Query execution preference

Let's forget about the shard placement and how to configure it—at least for a moment. In addition to all the fancy stuff that Elasticsearch allows us to set for shards and replicas, we also have the possibility to specify where our queries (and other operations, for example, the real-time GET) should be executed.

Before we get into the details, let's look at our example cluster:

Query execution preference

As you can see, we have three nodes and a single index called mastering. Our index is divided into two primary shards, and there is one replica for each primary shard.

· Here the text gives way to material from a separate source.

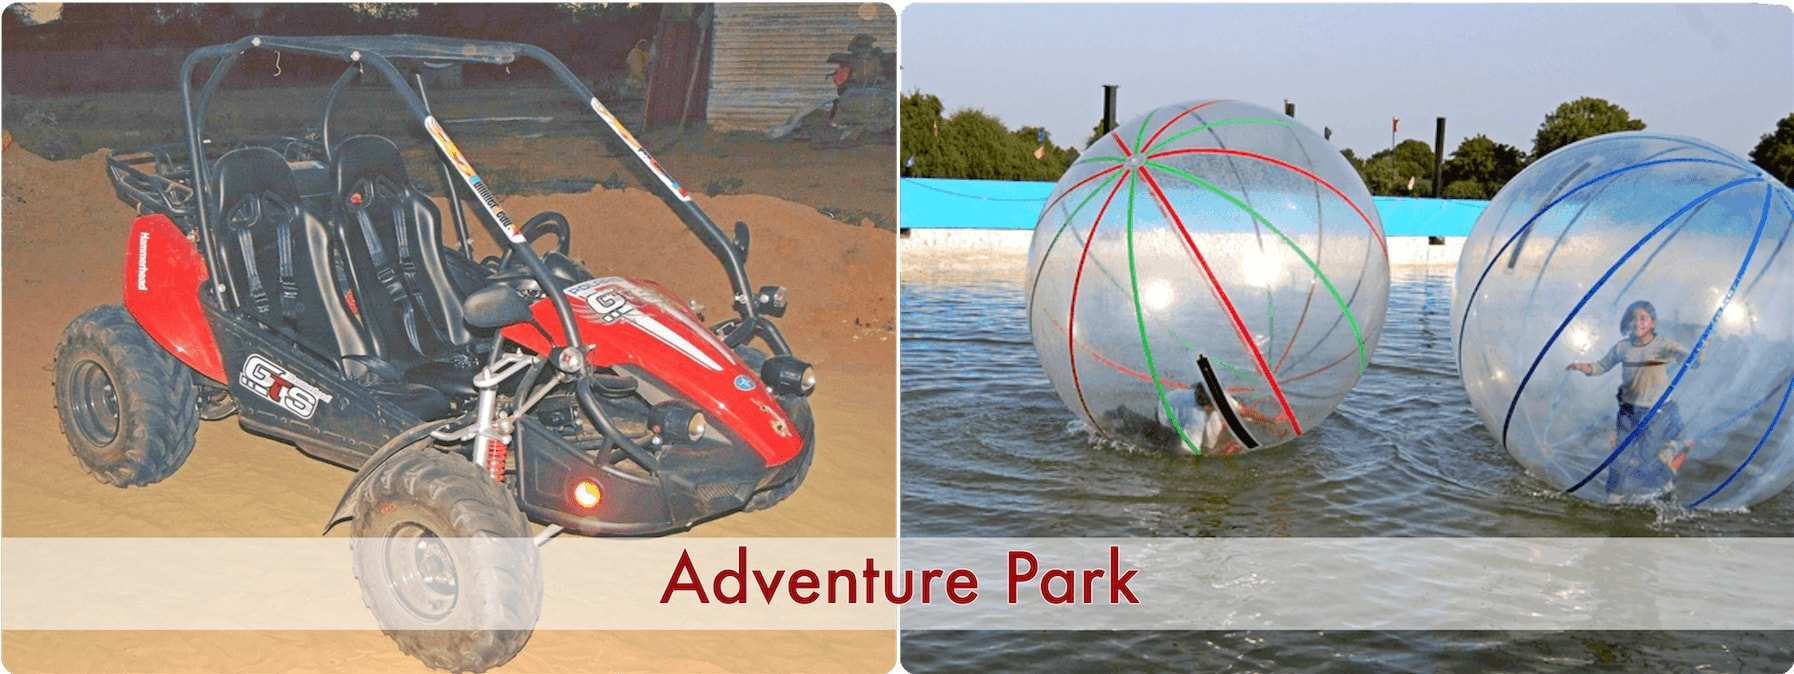 Adventure-park.jpg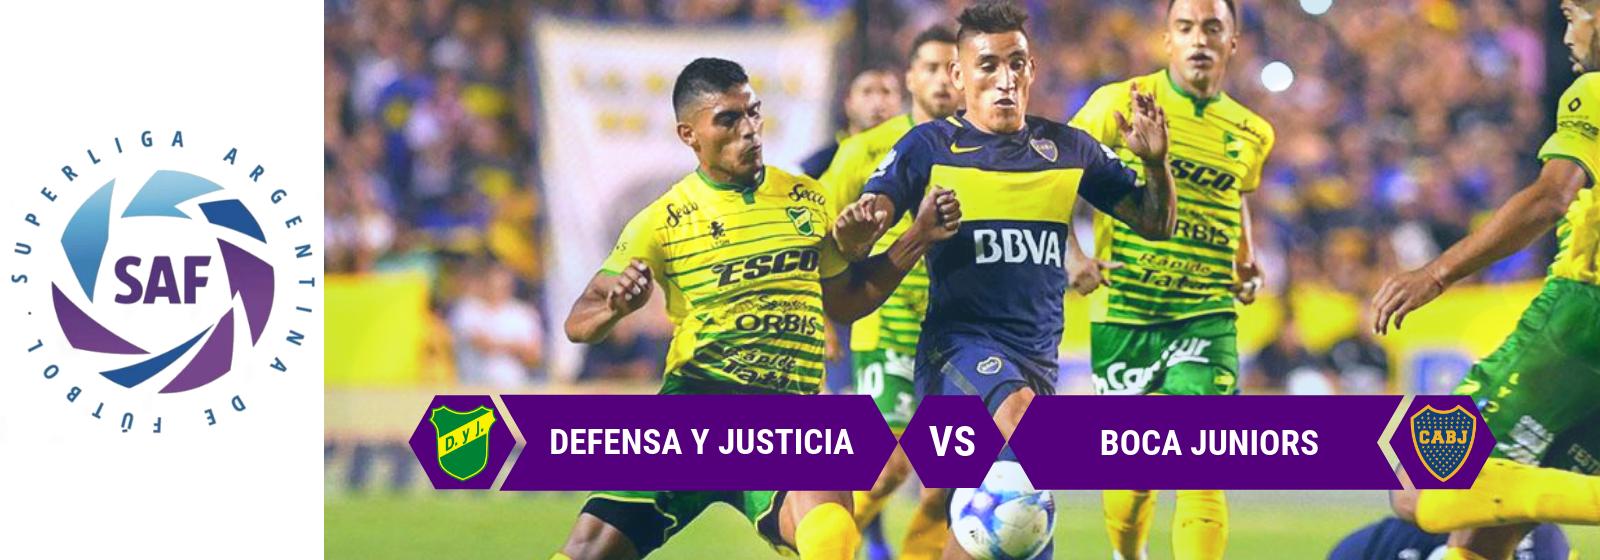 Argentina Primera Division Defensa y Justicia vs Boca Picks

Introducing the preference parameter

In order to control where the query (and other operations) we are sending will be executed, we can use the preference parameter, which can be set to one of the following values:

  • _primary: Using this property, the operations we are sending will only be executed on primary shards. So, if we send a query against mastering index with the preference parameter set to the _primary value, we would have it executed on the nodes with the names node1 and node2. For example, if you know that your primary shards are in one rack and the replicas are in other racks, you may want to execute the operation on primary shards to avoid network traffic.
  • _primary_first: This option is similar to the _primary value's behavior but with a failover mechanism. If we ran a query against the mastering index with the preference parameter set to the _primary_first value, we would have it executed on the nodes with the names node1 and node2; however, if one (or more) of the primary shards fails, the query will be executed against the other shard, which in our case is allocated to a node named node3. As we said, this is very similar to the _primary value but with additional fallback to replicas if the primary shard is not available for some reason.
  • _local: Elasticsearch will prefer to execute the operation on a local node, if possible. For example, if we send a query to node3 with the preference parameter set to _local, we would end up having that query executed on that node. However, if we send the same query to node2, we would end up with one query executed against the primary shard numbered 1 (which is located on that node) and the second part of the query will be executed against node1 or node3 where the shard numbered 0 resides. This is especially useful while trying to minimize the network latency; while using the _local preference, we ensure that our queries are executed locally whenever possible (for example, when running a client connection from a local node or sending a query to a node).
  • _only_node:wJq0kPSHTHCovjuCsVK0-A: This operation will be only executed against a node with the provided identifier (which is wJq0kPSHTHCovjuCsVK0-A in this case). So in our case, the query would be executed against two replicas located on node3. Please remember that if there aren't enough shards to cover all the index data, the query will be executed against only the shard available in the specified node. For example, if we set the preference parameter to _only_node:6GVd-ktcS2um4uM4AAJQhQ, we would end up having our query executed against a single shard. This can be useful for examples where we know that one of our nodes is more powerful than the other ones and we want some of the queries to be executed only on that node.
  • _prefer_node:wJq0kPSHTHCovjuCsVK0-A: This option sets the preference parameter to _prefer_node: the value followed by a node identifier (which is wJq0kPSHTHCovjuCsVK0-A in our case) will result in Elasticsearch preferring the mentioned node while executing the query, but if some shards are not available on the preferred node, Elasticsearch will send the appropriate query parts to nodes where the shards are available. Similar to the _only_node option, _prefer_node can be used while choosing a particular node, with a fall back to other nodes, however.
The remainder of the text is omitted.